Evangelina gritava e pedia, implorando por misericórdia. O cabo de vassoura quebrou e Cristóbal jogou pela janela. Por acaso, começou a usar como bengala o velho conhecido Gustavo Daniel Fres, que estava por ali de férias na área da Praça Olazábal.
- Com certeza você preferiria meu pau, porque doeria menos. Você também acha que é pequeno, igual a Antonela?
- Não... eu gosto do seu pau – disse Evangelina, bajulando ele sob pressão.
- Você quer ele...?
- Não, por favor não, você é meu irmão, isso é errado...
- Mas você gosta do meu pau.
- Isso não quer dizer que eu queira ele.
- Vem, senta na minha piroca, doce pecado. Balança nela. Lembra quando eu te levava pra praça?

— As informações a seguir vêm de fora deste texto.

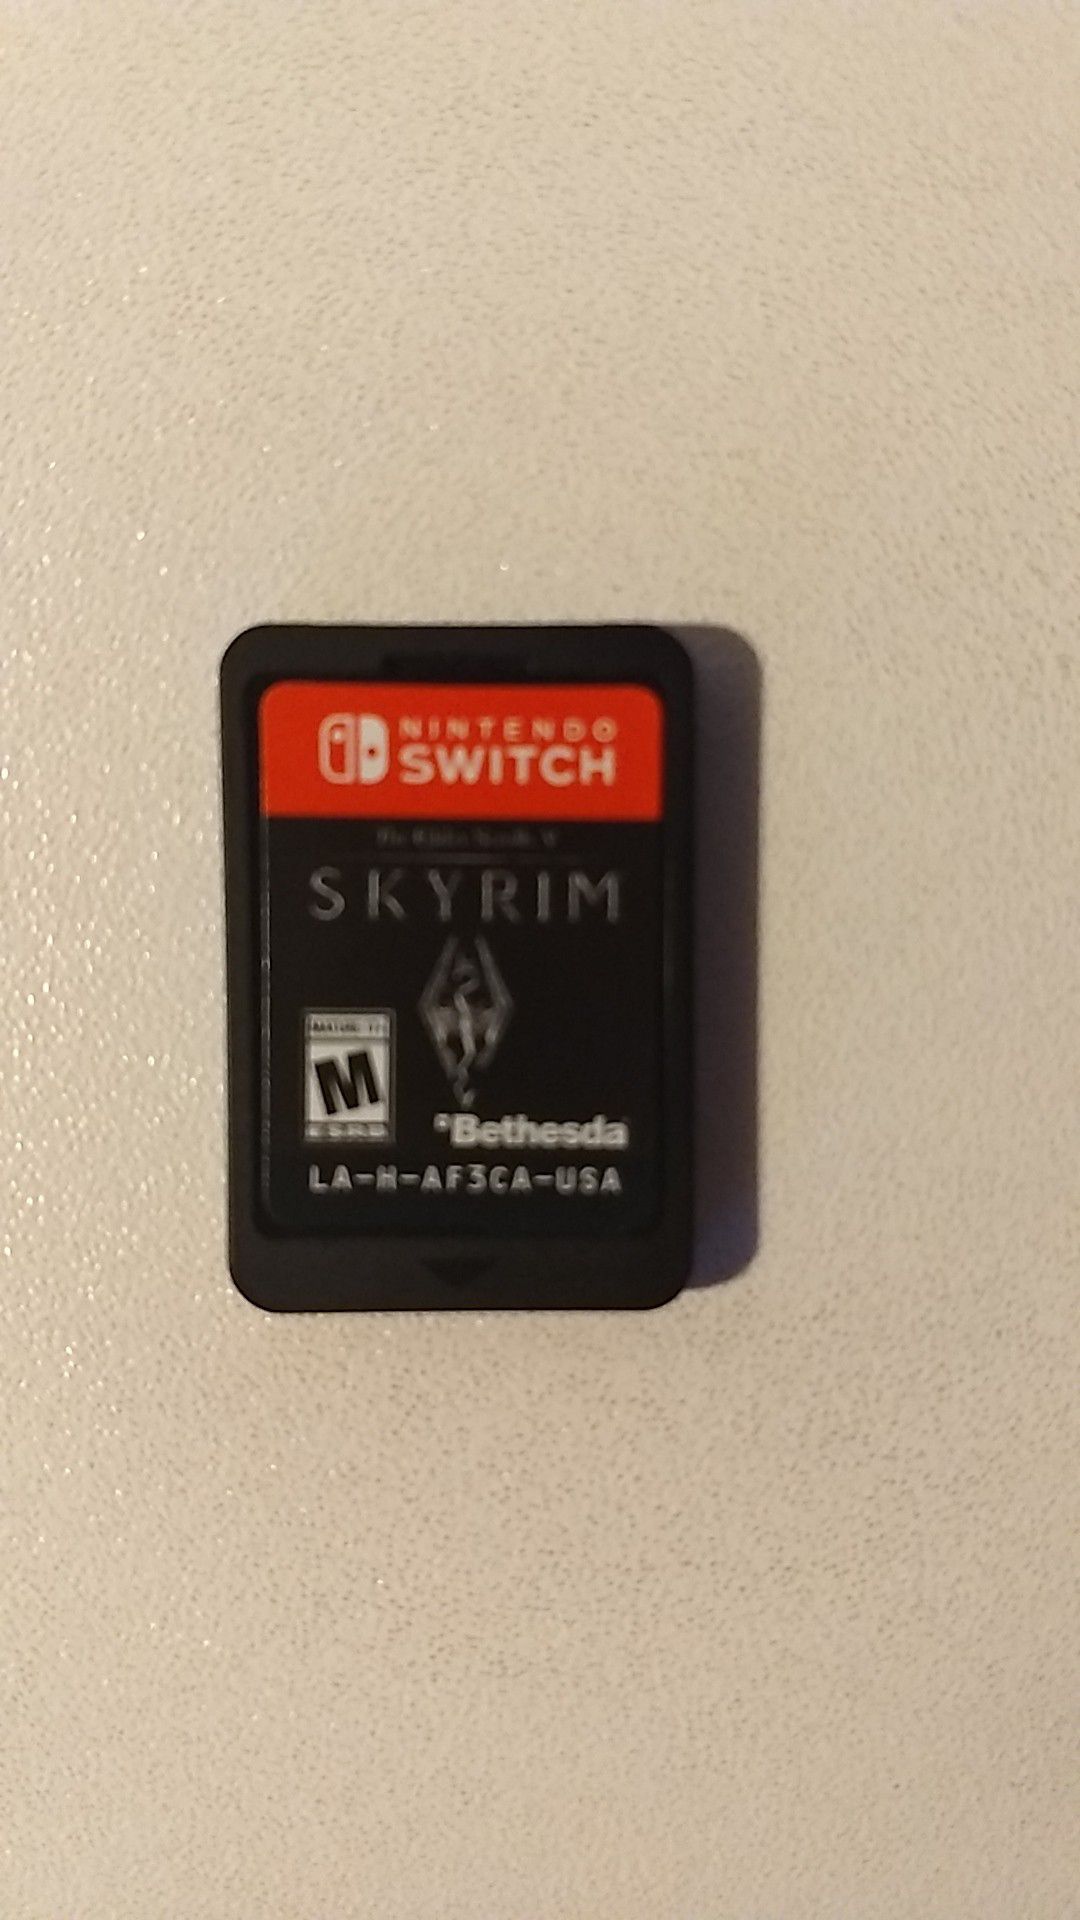 Skyrim, Nintendo Switch game

Evangelina achou que se não fizesse, viria algo pior, então sentou no membro do irmão. Depois do estupro com aquele cabo de vassoura, ela quase não sentiu nada, principalmente por causa do tamanho minúsculo do pau do irmão. No entanto, o simples fato de estar fazendo aquilo a perturbava profundamente. Ele gozou e depois colocou uma camisinha, se masturbando. A irmã chorava desconsoladamente.
- Vou te denunciar. Com a mamãe, você não pode estar tão errado. Tá errando feio.
– O que eu tô errando é a waska, tem que ir reto na sua boca – ele disse enquanto ela se dirigia pro cu dele, onde acabou.
Naquela noite, Evangelina não conseguiu dormir. Na cabeça dela, as palavras “você é minha tentação, dolorosa obsessão” se misturavam com as risadas frenéticas do irmão.